### DATA TO EXAMINE
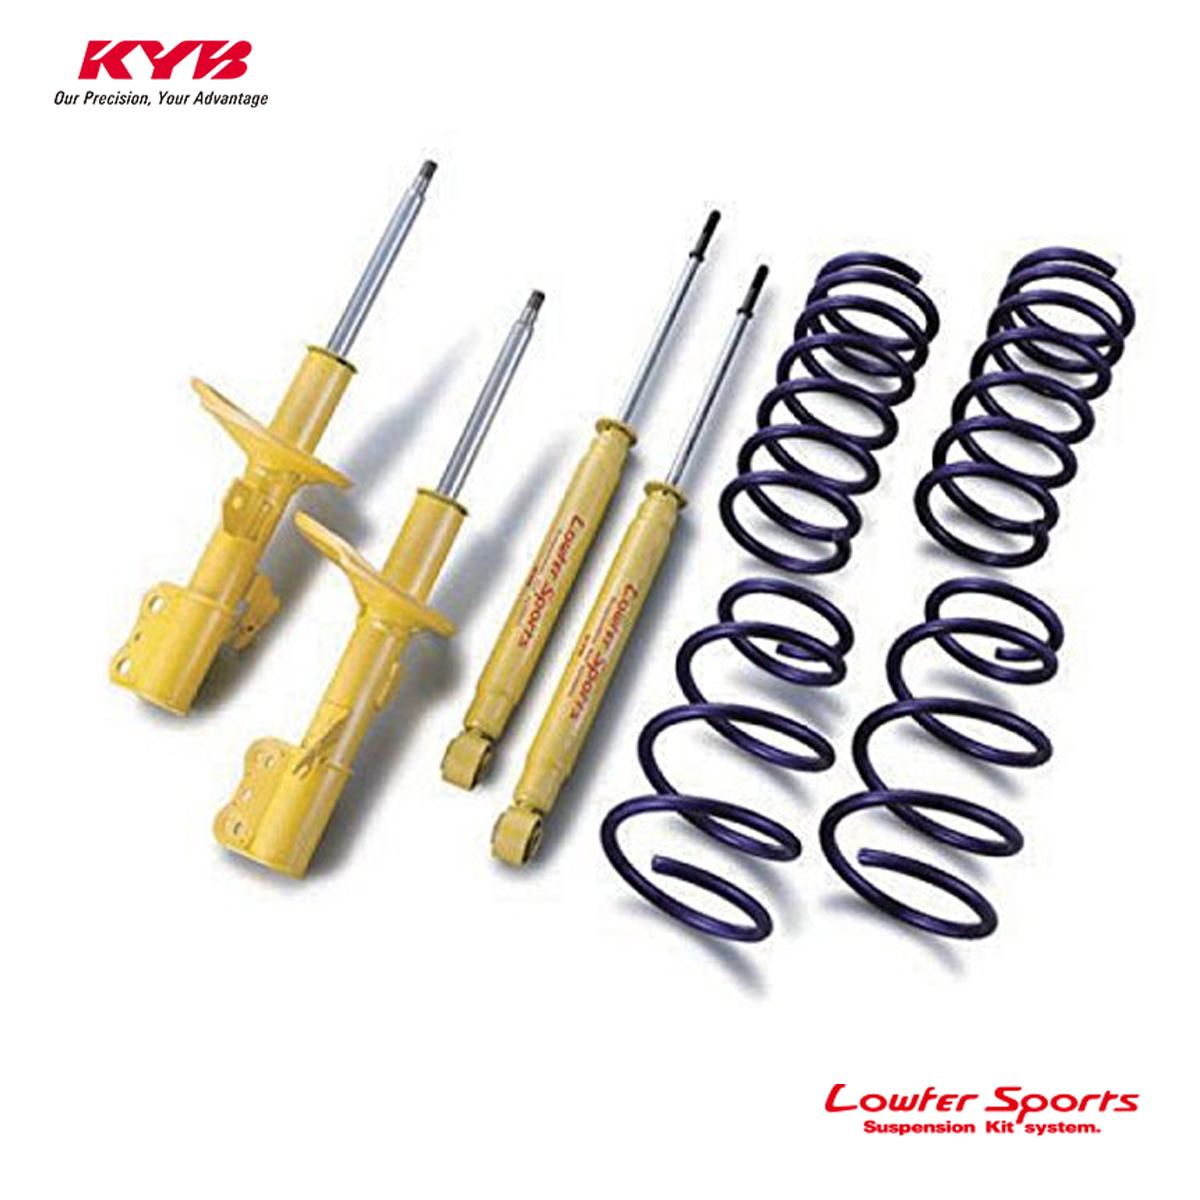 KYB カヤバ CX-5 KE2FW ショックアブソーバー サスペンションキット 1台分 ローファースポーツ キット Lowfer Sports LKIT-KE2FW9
==
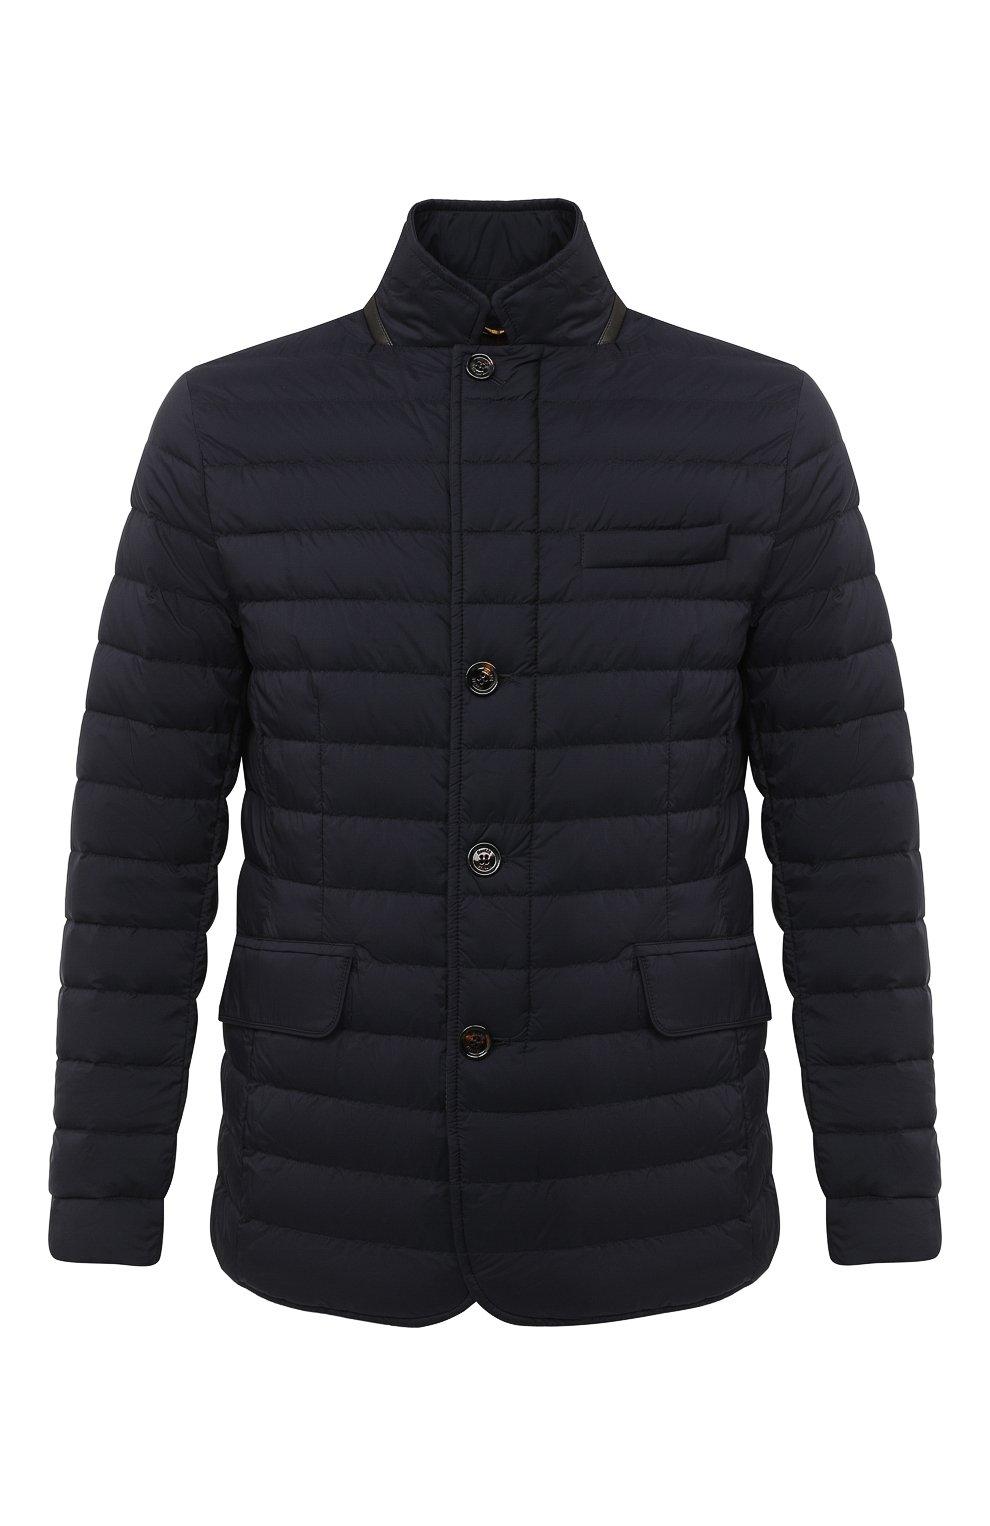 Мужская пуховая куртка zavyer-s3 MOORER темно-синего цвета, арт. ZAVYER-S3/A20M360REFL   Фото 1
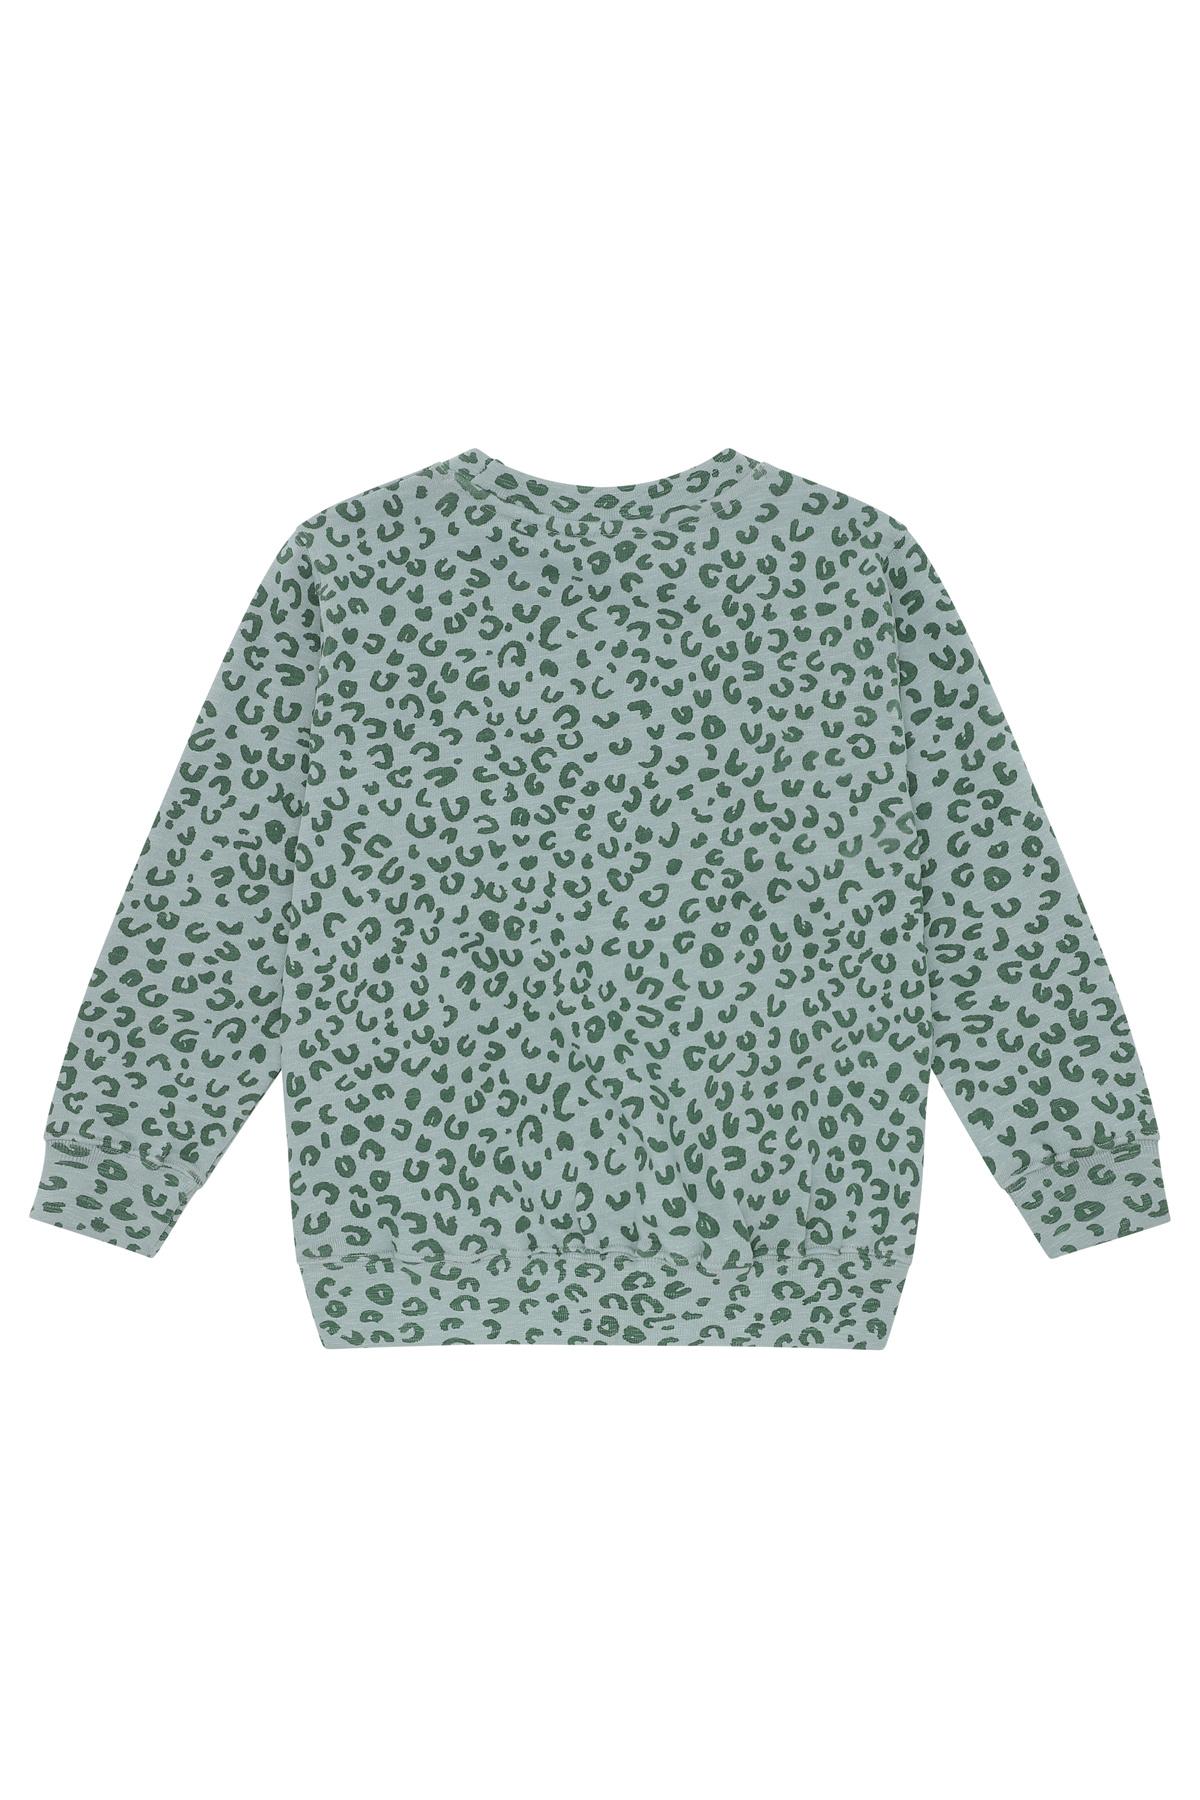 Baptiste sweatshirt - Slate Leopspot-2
...
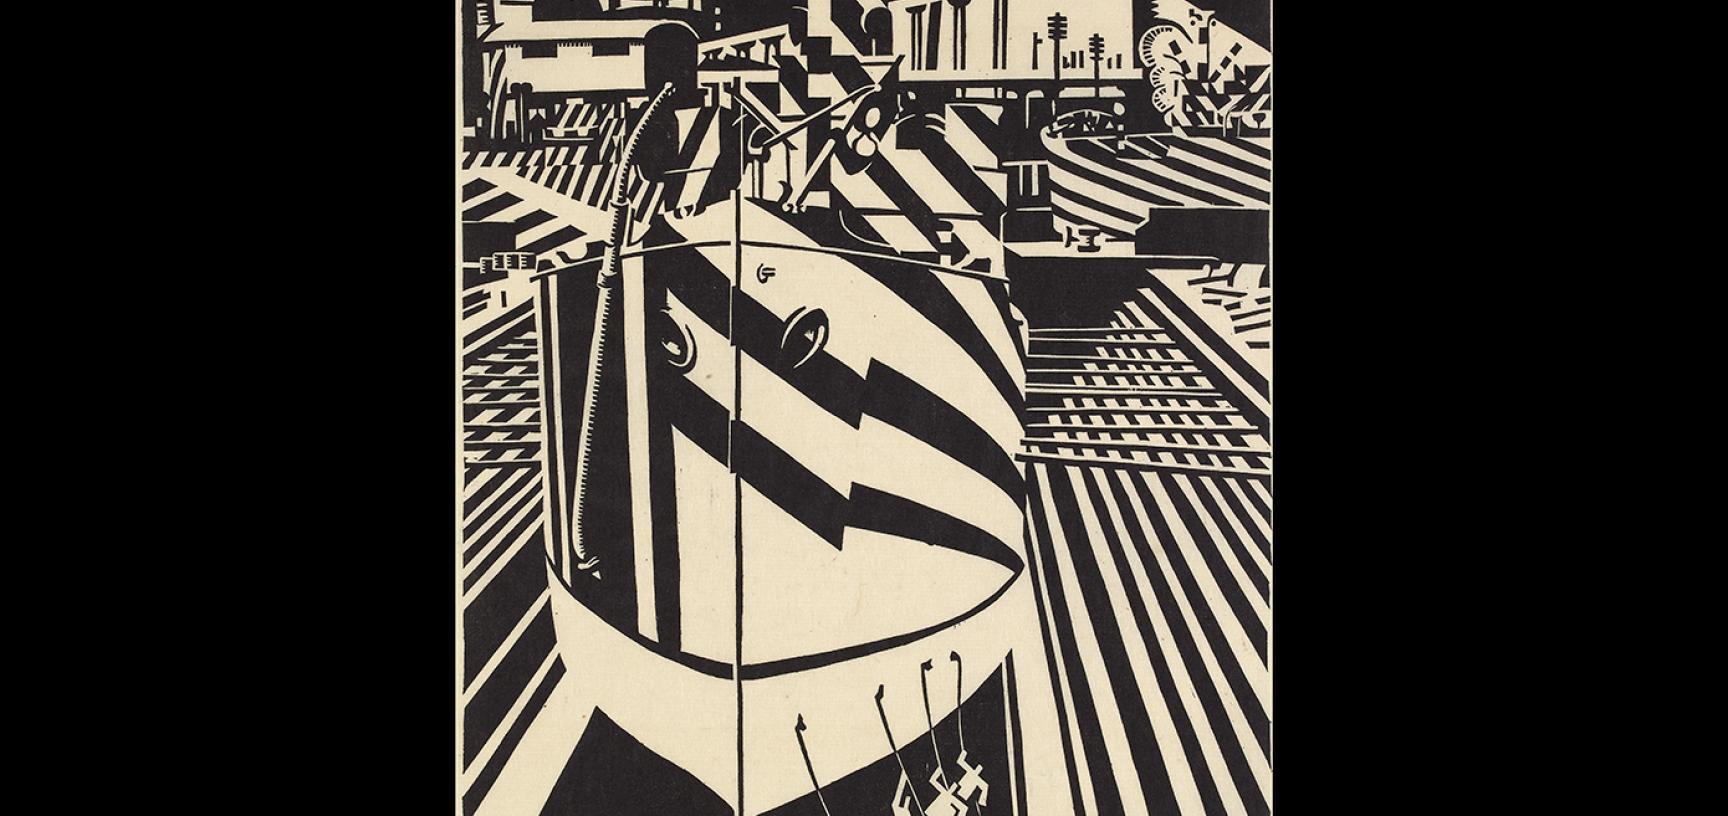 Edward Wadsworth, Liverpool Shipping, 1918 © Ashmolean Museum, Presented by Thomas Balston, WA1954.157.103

### EXERCISE OBJECTIVE
The output is the stretch above from the line with "Мужская пуховая куртка" through the line with "Baptiste sweatshirt - Slate Leopspot-2", copied word for word with both ends kept and every picture dropped.

### ANSWER FOR THIS EXERCISE
 Мужская пуховая куртка zavyer-s3 MOORER темно-синего цвета, арт. ZAVYER-S3/A20M360REFL   Фото 1
 Baptiste sweatshirt - Slate Leopspot-2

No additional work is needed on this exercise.